Distribution of vti data across processes creates duplicate global ids and inconsistent data
I use Paraview 5.10 and openMPI 4.0.3.
I want to distribute data in vti format across MPI processes, to obtain a distribution similar to what can be obtained with data in vtu format and a RedistributeDataset filter, which was that the points on the borders of multiple processes were duplicated on all those processes, but have the same Global Id.
To do the distribution of the vti data, I use the following Pipeline:
First, I execute the pipeline using the builtin pvserver:
Plane > ResampleToImage > RandomAttributes > GenerateGlobalIds
The Plane filter uses the default parameters. The ResampleToImage filter uses the following sampling Dimensions: 5, 5, 1. The RandomAttributes only has the option "Generate Point Scalars" checked. The GenerateGlobalIds filter uses the default parameters.
I then save the output of the Pipeline to a vti file.

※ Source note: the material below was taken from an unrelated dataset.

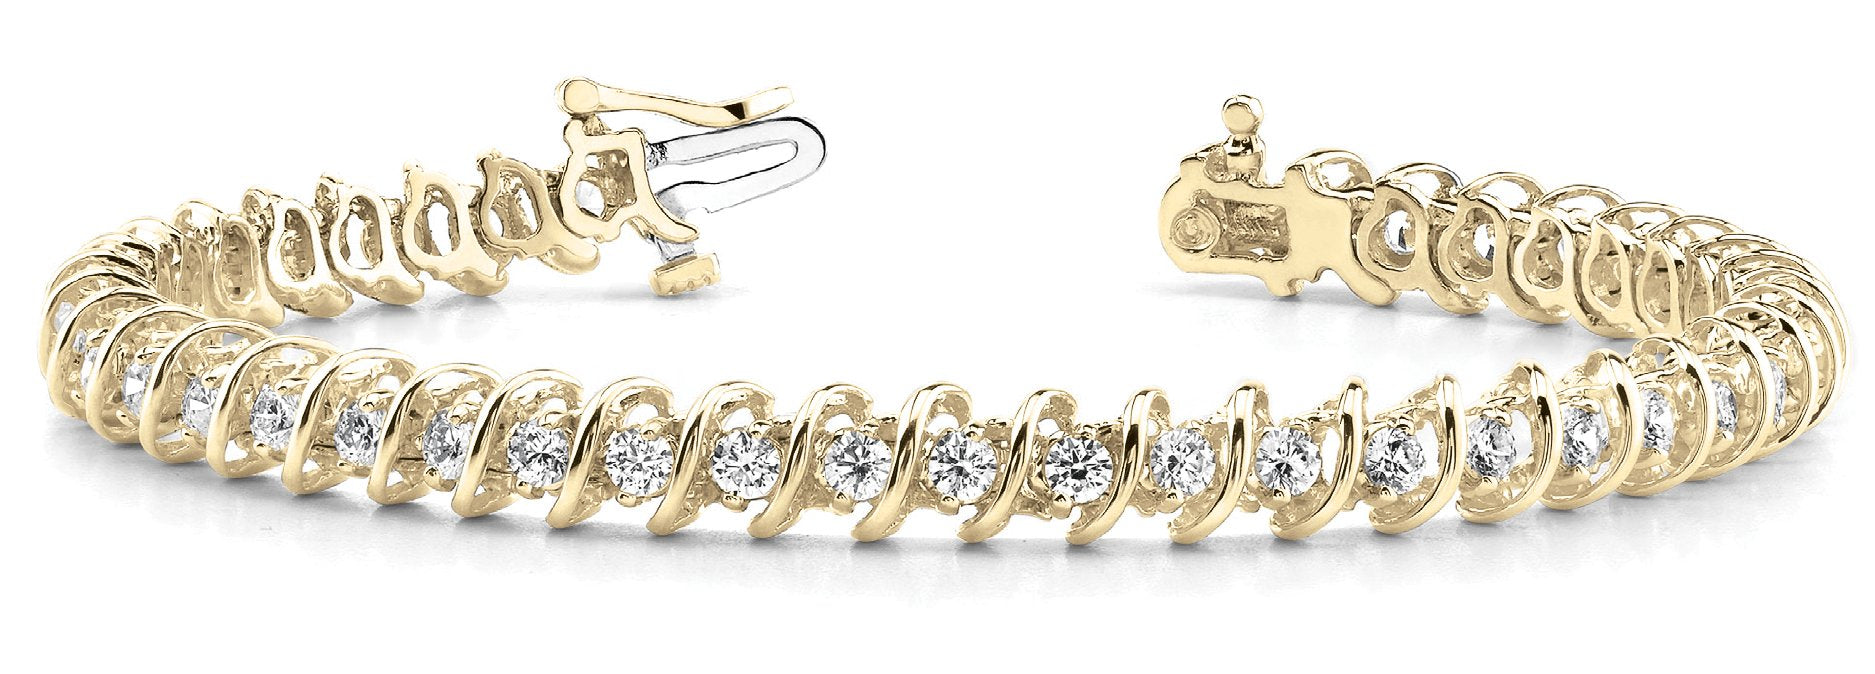 Fancy Diamond Bracelet Ladies 9.02ct tw - 14kt Yellow Gold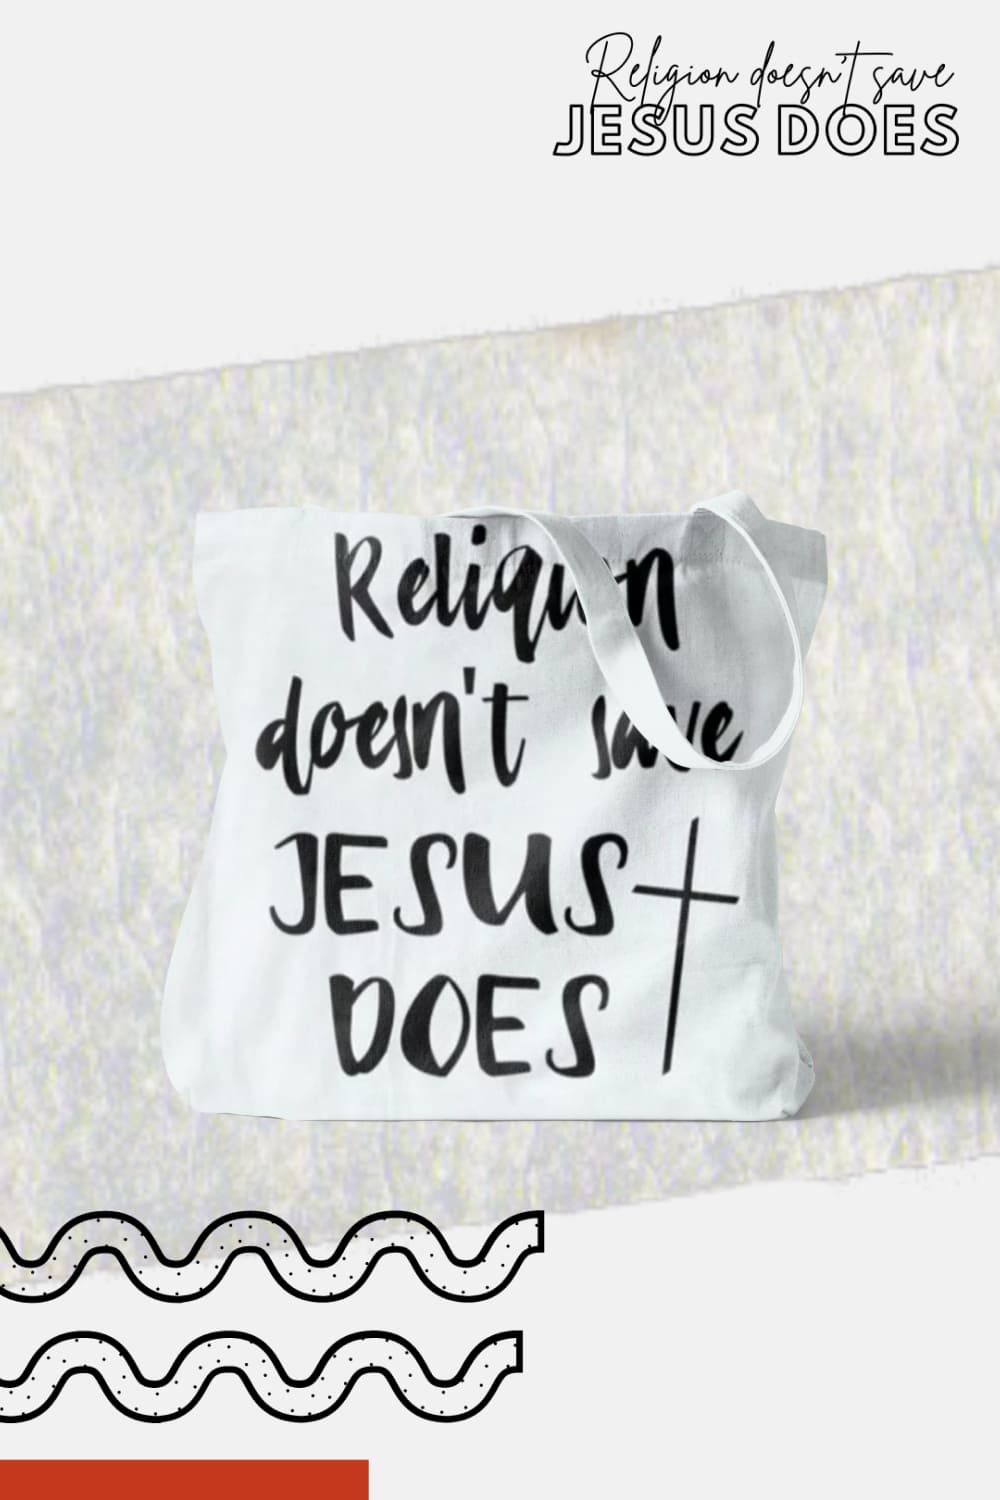 Inscription "Religion doesnt save jesus does" on the white bag.

Now, I execute Paraview using another server, executed with mpirun:
mpirun -n 2 pvserver
I then open the vti file, to save it as a pvti file (and therefore distribute the data across two MPI processes).
If I open this pvti file again, using the pvserver run with MPI, inconsistencies in the data can be found. Notably, there are now 29 points in the data (as I created a 5 by 5 plane, there should be 25 points). Different points share the same Global Id, even though they are clearly different because have different coordinates, such as the points of Global Id 10 (lines 10 and 11 in the above screenshot). The same point, for example the point located in 0,0,0, exists twice, with a globalId of 0 and of 10 (lines 0 and 11 of the above screenshot).
If I load the pvti file using the builtin server of Paraview, the problem disappears and only 25 points are shown in the spread sheet view, with no Global Id duplicates.
Am I doing something wrong here? I can't seem to find a way to distribute the vti data properly, and I would like to avoid using vtu format whenever possible, as it loads everything in memory, but I would also like have only one implementation of my algorithm to process both data types.